Madison Square Garden Has Never Felt More Alive

NEW YORK, NY - JUNE 10: An overall view of Madison Square Garden after the game between the New York Knicks and the San Antonio Spurs during Game Four of the 2026 NBA Finals on June 10, 2026 at Madison Square Garden in New York, New York. NOTE TO USER: User expressly acknowledges and agrees that, by downloading and or using this photograph, User is consenting to the terms and conditions of the Getty Images License Agreement. Mandatory Copyright Notice: Copyright 2026 NBAE(Photo by Adam Pantozzi/NBAE via Getty Images) | NBAE via Getty Images

Up until Wednesday, we knew Madison Square Garden was the Mecca of Basketball.

There were loud Garden nights. There were celebrity Garden nights. To be fair, there were all sorts of nights inside the Garden because there is no event—no cap to its greatness—the Garden hasn’t graced.

But then, there was Game 4.

Like many, most of y’all, I wasn’t there on Wednesday night. Not that I needed it, because even watching from my bed—games are tipping off at 2:35 am in my place—I could still feel everything percolating inside the Garden.

If you just woke up from a week-long coma, let me put it in context. The Knicks were down 29 points in an NBA Finals game. That’s doubly stupid, considering the Knicks were in a Finals game, and that they somehow found a way to go nearly 30 damn points behind. At home, to put the cherry on top.

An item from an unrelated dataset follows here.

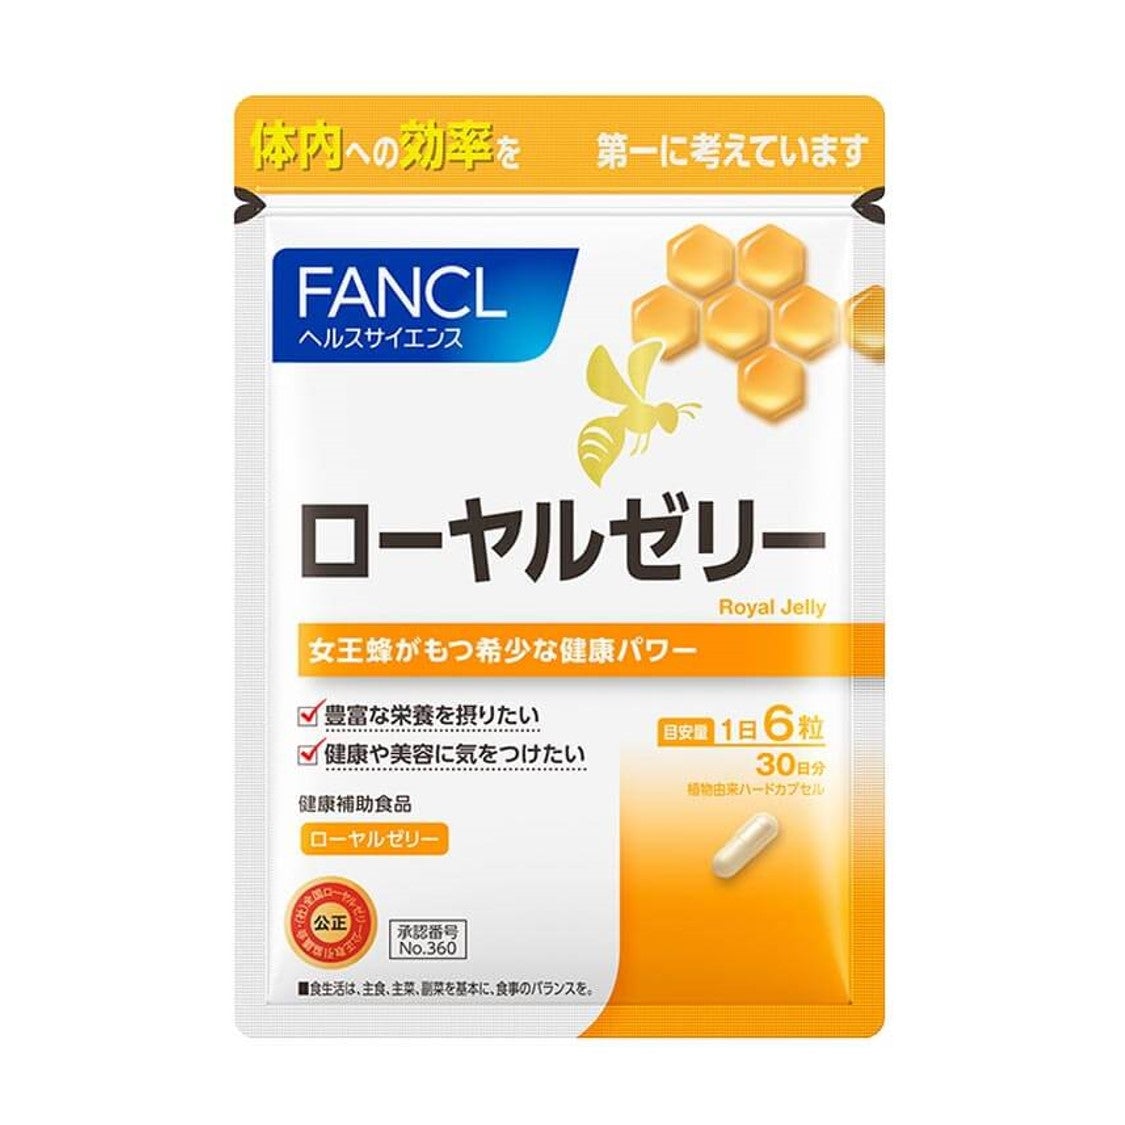 fancl-royal-jelly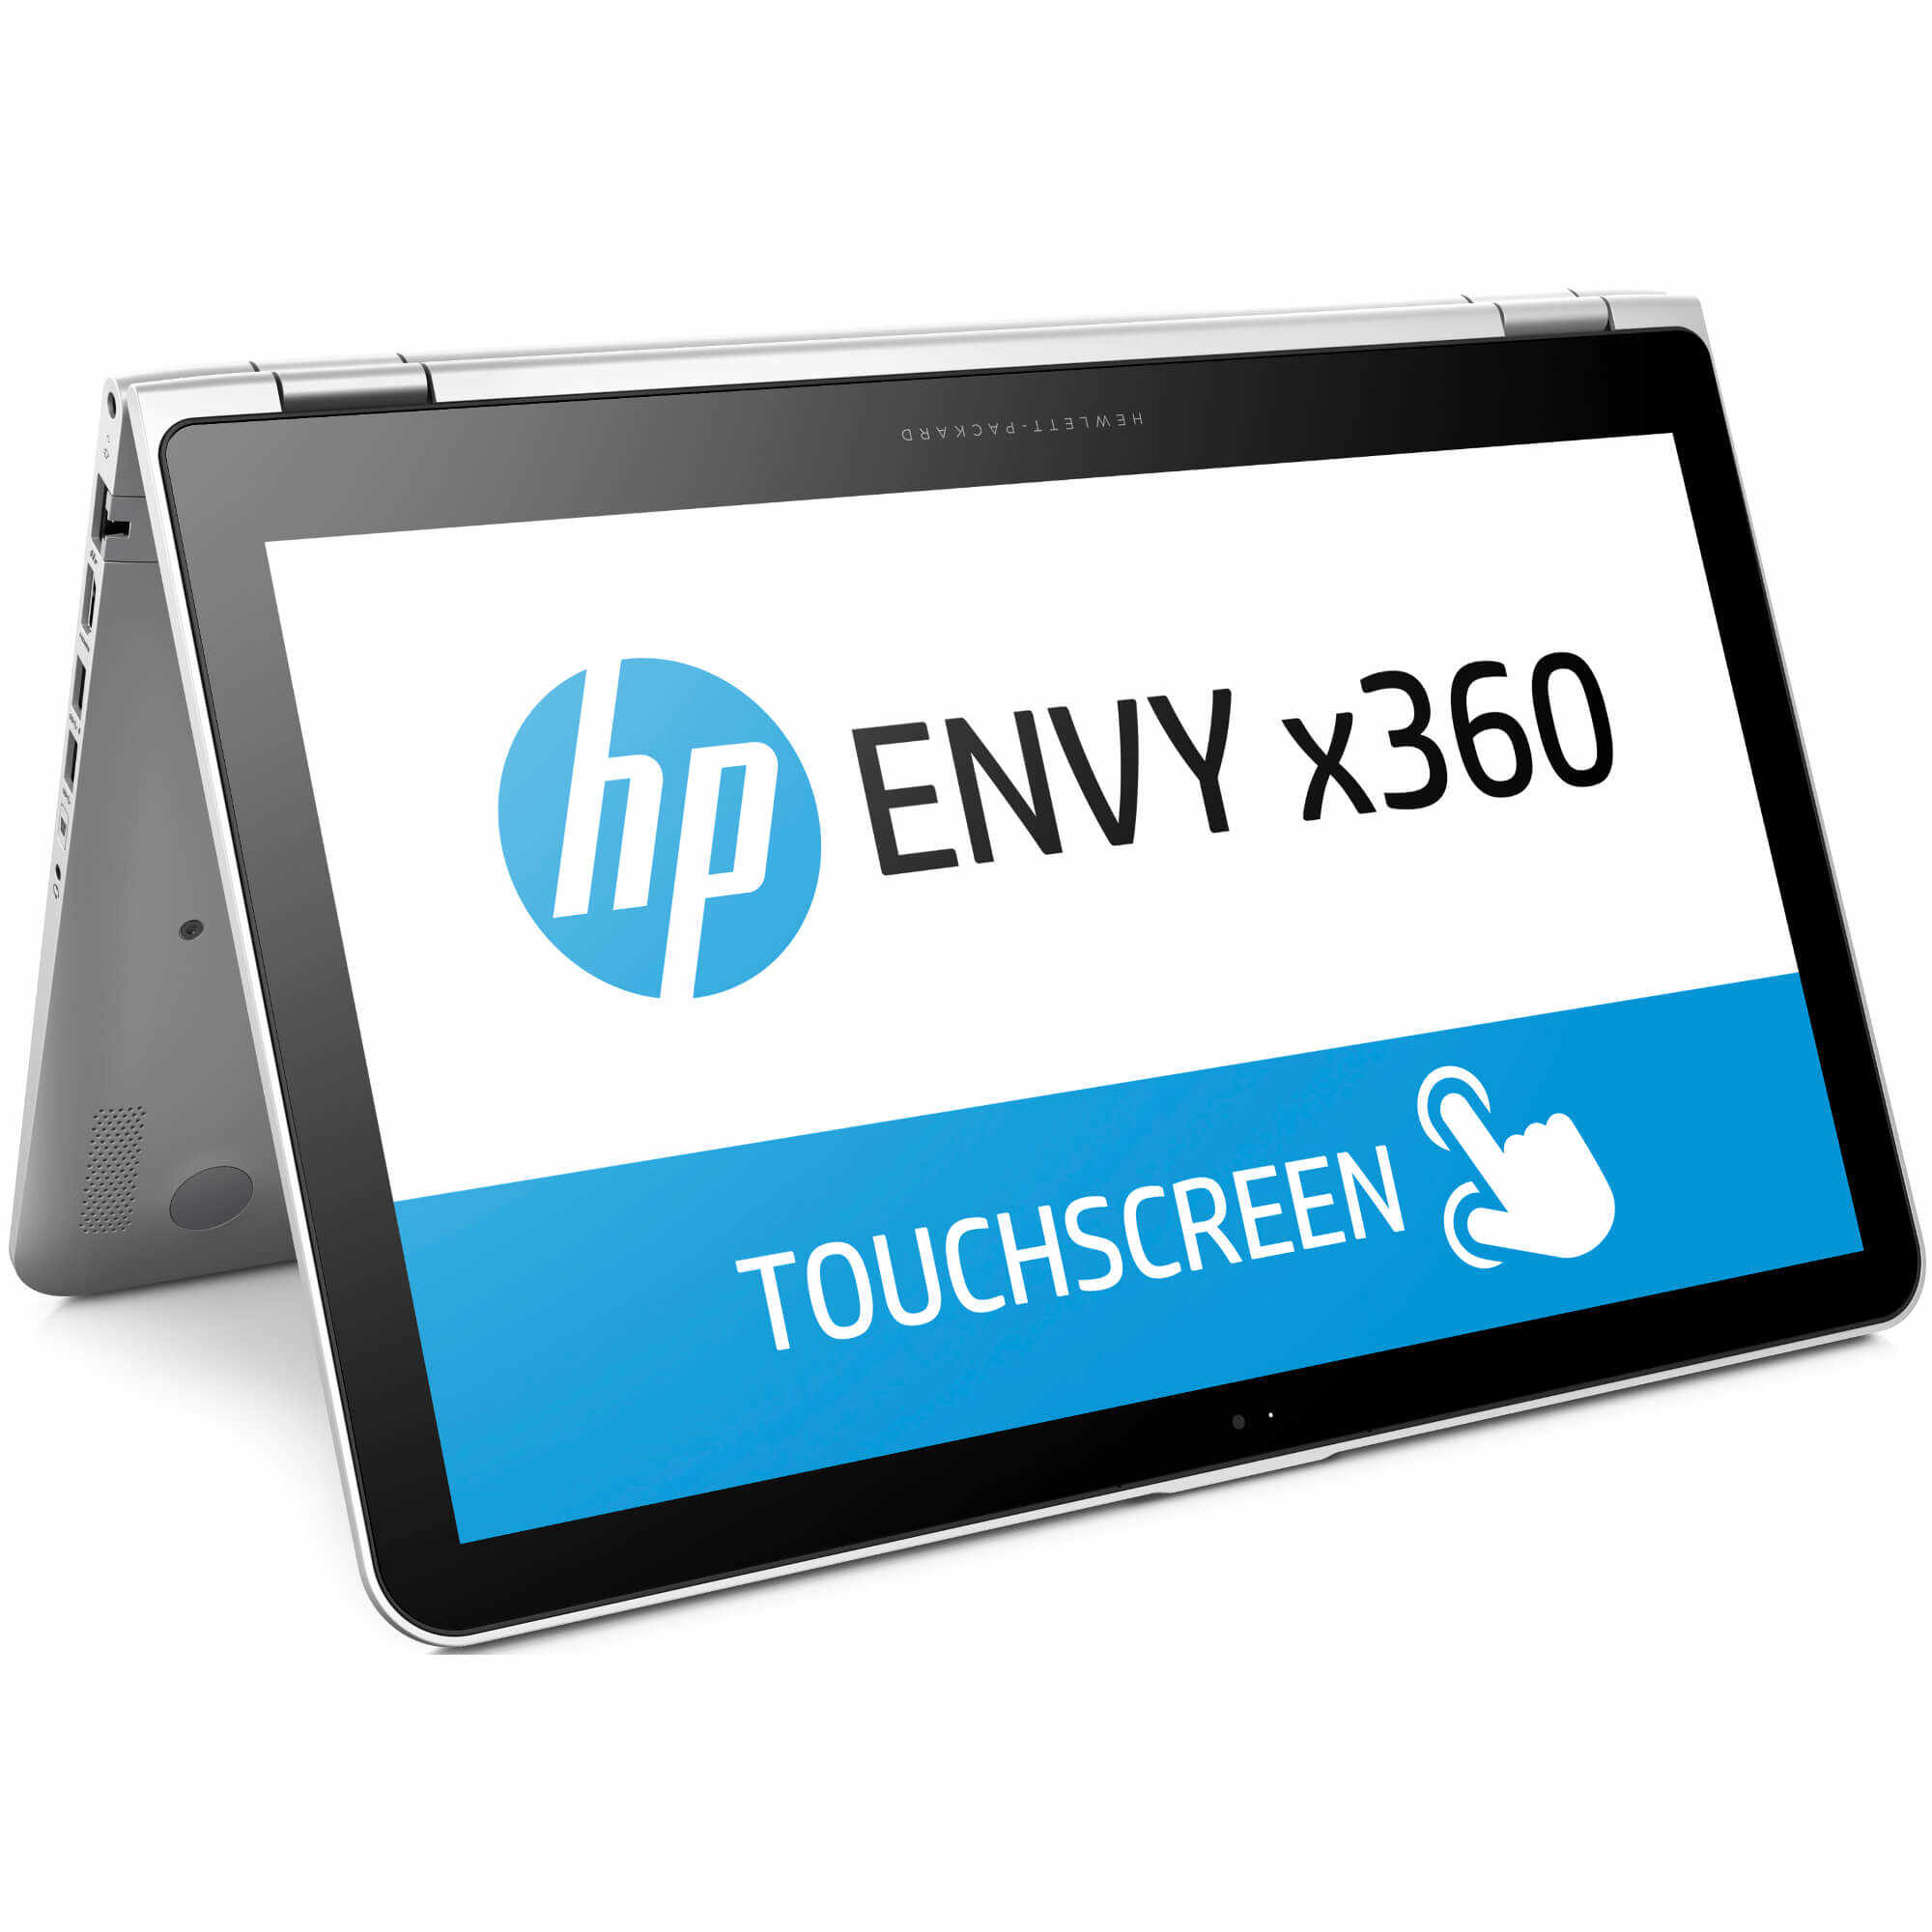 Laptop 2 in 1 HP Envy x360 15-W002NQ, Intel Core i5-5200U, 4GB DDR3, HDD 500GB, nVidia GeForce GT 930M 2GB, Windows 8

There they were, your Taylor Swift, Adam Sandler, Ben Stiller, Timothée Chalamet, Kylie Jenner, Spike Lee, Tracy Morgan, Chris Rock, Jimmy Fallon, Larry David, Fat Joe, the whole damn Wu-Tang Clan, Carmelo Anthony, Patrick Ewing, John Starks, Larry Johnson, Metta Sandiford-Artest, and I don’t even know how many more names. It was absurd before the game, let alone the comeback, even started.

It turns out, the Knicks are nuthing ta f**k wit!

Jalen Brunson kept pushing. OG Anunoby kept making threes. Jose was more like Jesus. The lights and the crowd started to become too bright and too loud. San Antonio looked more uncomfortable each passing second, even if they kept hoisting three-pointers like missing them was raising money for their charity of choice.

By the fourth quarter, the Garden was not reacting to the game as much as dragging the Knicks back into it by force, and the other way around.

Then came the final sequence: Anunoby blocked De’Aaron Fox, followed Brunson’s missed shot on the other end, molly-tracked the rebound and tipped the rock in with 1.2 seconds left, somehow giving the Knicks a 107-106 lead and their eventual win in the largest comeback ever witnessed in NBA Finals history.

MSG lost it.

“It’s good! It’s good! It’s good! With 1.2 remaining, Knicks take the lead! OG Anunoby! It’s 107-106!

This is what made the night feel different, unique, one for the ages, and for generations to remember and remind future beings of.

It was not just the flashy stars sitting courtside. The massive ticket prices keeping blue-collar New Yorkers from entering the venue. The noise. The first Knicks Finals run in 27 years and first legitimate, win-and-win shot at a title for the first in 32 years.

It was the collective feeling that after all of the years of suffering, after every bad season we’ve endured, after every failed rebuild and stunted retool, every fake addition we claimed as the next franchise savior, every bonkers loss, all the Knicks-for-Clicks, and every “same old Knicks” joke got squeezed into one impossible comeback, vaporized, demolished, destroyed, pulverized, and smoked forever.

Entering Saturday’s Game 5, FanDuel is acknowledging the Knicks have all going their way and placing -500 odds on them to hoist the trophy to San Antonio’s +385. The Knicks lead the Spurs 3-1. The Knicks, the goddam New York Knicks, sit just one win from their first championship since 1973 and third in franchise history.

The Garden has had better teams, seen bigger legends, and battled endless ghosts.